Com as perturbações no GPS, algumas embarcações chegaram a ser registradas em aeroportos, em uma usina nuclear e em áreas terrestres, aparecendo em localidades do Irã, Omã e Emirados Árabes Unidos. A empresa identificou ao menos 21 novos pontos de interferência na região recentemente.
Normalmente, esses tipos de ataque são empregados em zonas de conflito para comprometer a navegação de drones e mísseis, dificultando a localização de alvos. A mesma área já registrou problemas semelhantes em julho do ano passado, durante lançamentos de mísseis entre Israel e Irã.
Viagens aéreas também foram impactadas
Além de drones, mísseis e navios, a falha pode afetar aviões, celulares e outros serviços que dependem de navegação por satélite.

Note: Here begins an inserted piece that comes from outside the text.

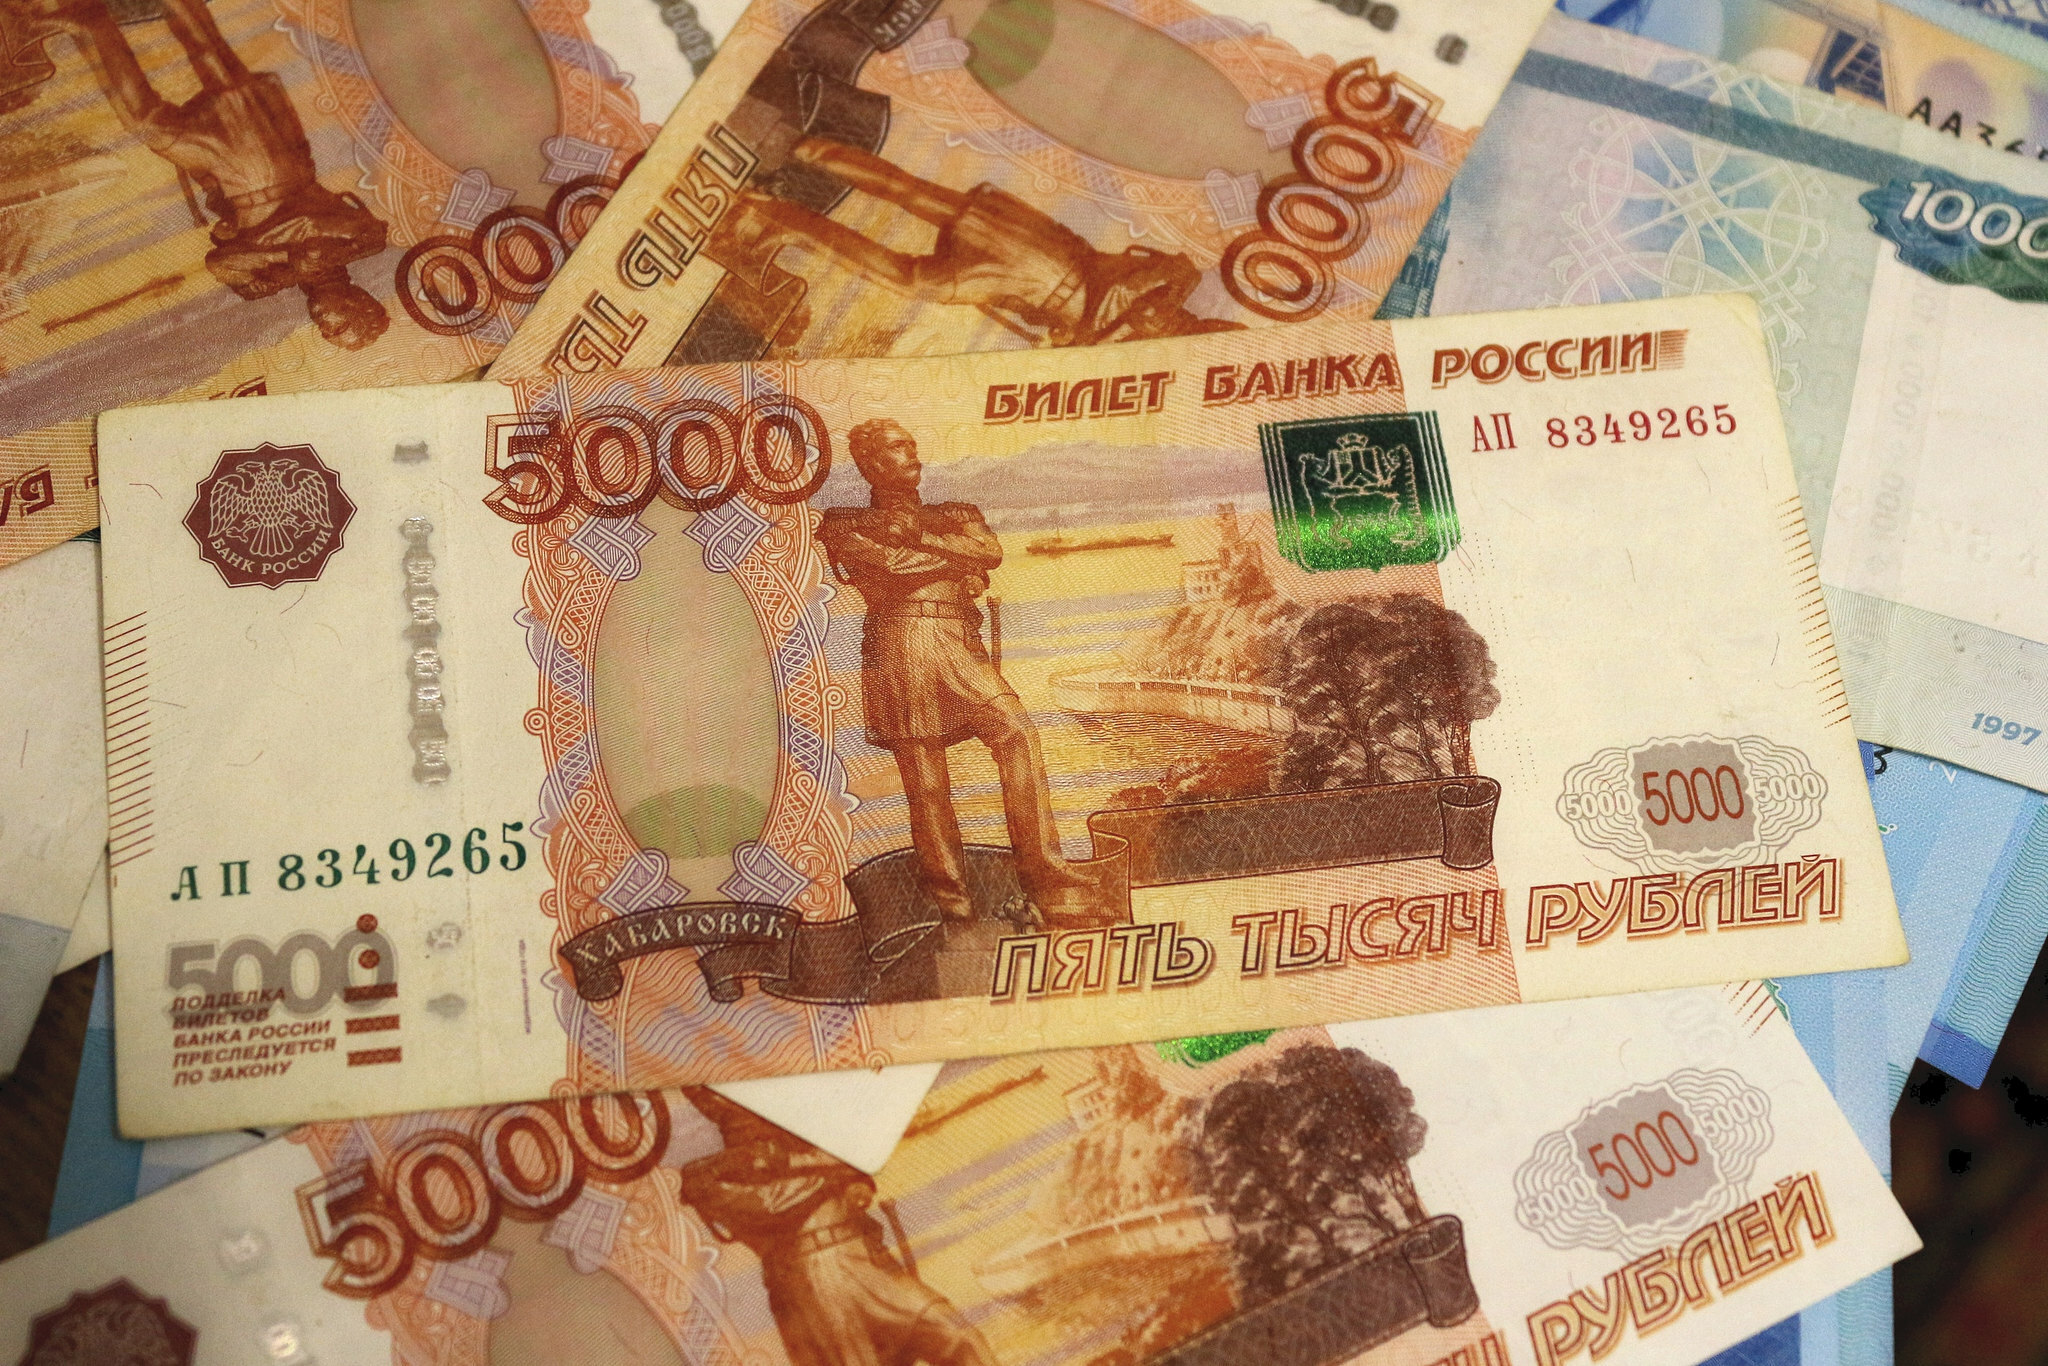 Тюменцы обогатили мошенника из поселка Боровский на четверть миллиона рублей

Voos comerciais nas proximidades chegaram a sofrer interrupções de sinal.
Segundo a Spirent Communications, centenas de voos experimentaram algum tipo de interferência, principalmente spoofing, mesmo com o conflito tendo levado à redução das operações aéreas na região.
“Diante da atual ameaça aérea e dos desafios adicionais à navegação causados pela congestão, a integridade posicional degradada atua como um amplificador de risco, aumentando a probabilidade de incidentes ou erros de navegação”, alertou o Centro Conjunto de Informações Marítimas (JMIC), em nota.